What a lovely upbeat post, so glad you are feeling well and love all your baby horses.


----------



## Sleighfarer (27 November 2011)

Fantastic! There was me thinking you might still be in hospital  I should have known  Great that it went well.


----------



## Thistle (27 November 2011)

great to see you feeling so positive, give it a few days and the boys will be wishing you could drive and were back at work.

I pass on the museli bars (far too healthy) but I'll take any of ma Baydales offerings.

Take care


----------



## WellyBaggins (27 November 2011)

WOW, what a post  great pictures, babies are very cute.  Jupiter looks really well, he is such a smart horse  Hope you are 100% fighting fit soon


----------



## Hornby (27 November 2011)

At last, a Baydale thread - hurray!  Glad that you, horses and foals are all looking so well, some very classy horses there.


----------



## DarkHorseB (27 November 2011)

All looking and sounding really good!
You must have a high pain threshold! A friend at work had the same operation in August and it does not seem to be an option for wimps 

Did you decide on Wallace's posh name btw?


----------



## Slinkyunicorn (27 November 2011)

So pleased to hear (and see!) you are doing so well 

Doctors what do they know? 

Everyone knows that horses are the best cure


----------



## Baydale (27 November 2011)

Lolo said:



			Love the baby photos, they are an adorable little gang! How old are they all? Wallace is looking very big- loved the photo of him receiving a face wash from his mum, he's so clearly going "Mumm! Get off me! Everyone's watching and... ugh!" 

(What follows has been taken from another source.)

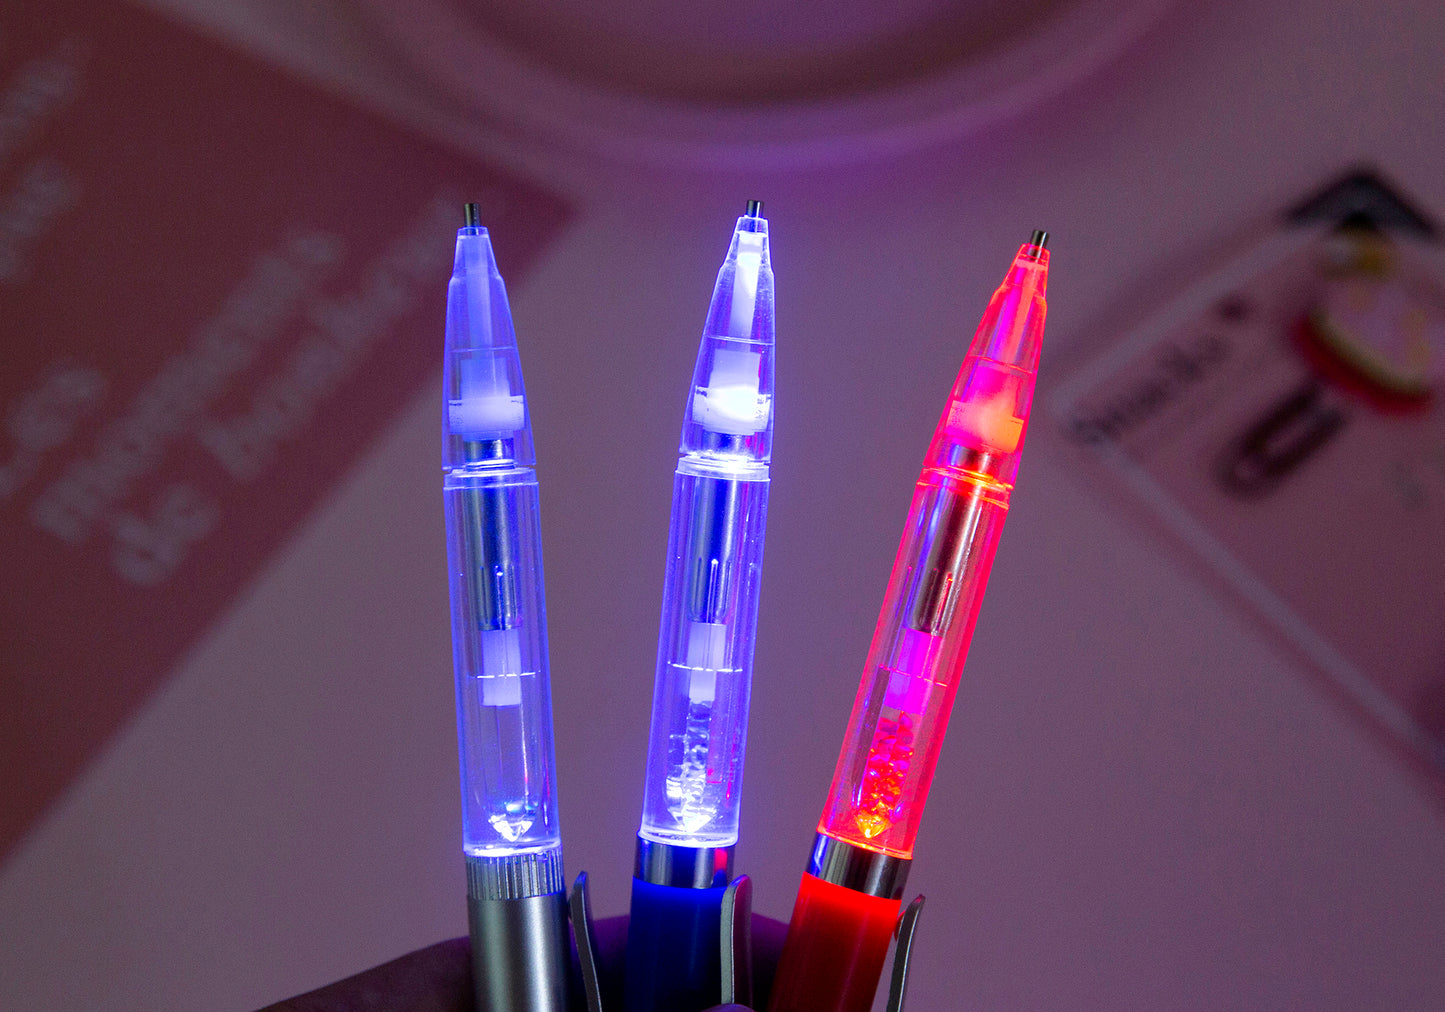 1 DIY diamond drawing point drill pen | luminous tool

What are you plans for the Cheeky Boys? Will Jupiter be strutting his stuff at JAS things?
		
Click to expand...

Thanks, I think they're adorable but then I would, wouldn't I?  Wallace is 6 mths, Gertie 18 months, Myrtle 4 and a half and Grace 8 and a half.  I think Wallace is going to be lanky, which is fine by me. 

I might do the Arena UK JAS as it's so local, but thereagain I might go hunting instead!


----------



## Baydale (27 November 2011)

measles said:



			Here was me admiring the pics of how well Joopiter was going and suddenly I clocked "yesterday".   Does your silky blue, red and gold outfit fit well under your jods and jacket because you really are superwoman?

Where to for the first event of the season?   And loving your favourite pic, too 

Click to expand...

 I didn't have the outfit on yesterday lest it rustled in the wind and prompted an unscheduled dismount. 

Haven't planned anything for next season yet but it'll be one of the local ones, Oasby or Lincoln, I guess.


----------



## Baydale (27 November 2011)

Worried1 said:



			I had no idea that's how they were making your new boobs! To be honest in a bit miffed... I offered you half of mine at least twice! 
I think it is great you're bouncing back (no pun intended!) everyone moaned at me for riding after stomach surgery but I figured riding had kept me fit and gave me the drive to get out of hospital and back to normality!
Glad ponies all behaving loved all the pics and I don't care what you say... You are a bit awesome 

Click to expand...

Boob, singular.  The other one will be tweaked to match but I think I'll then have the No Bounce Sitting Trot-Proof version. 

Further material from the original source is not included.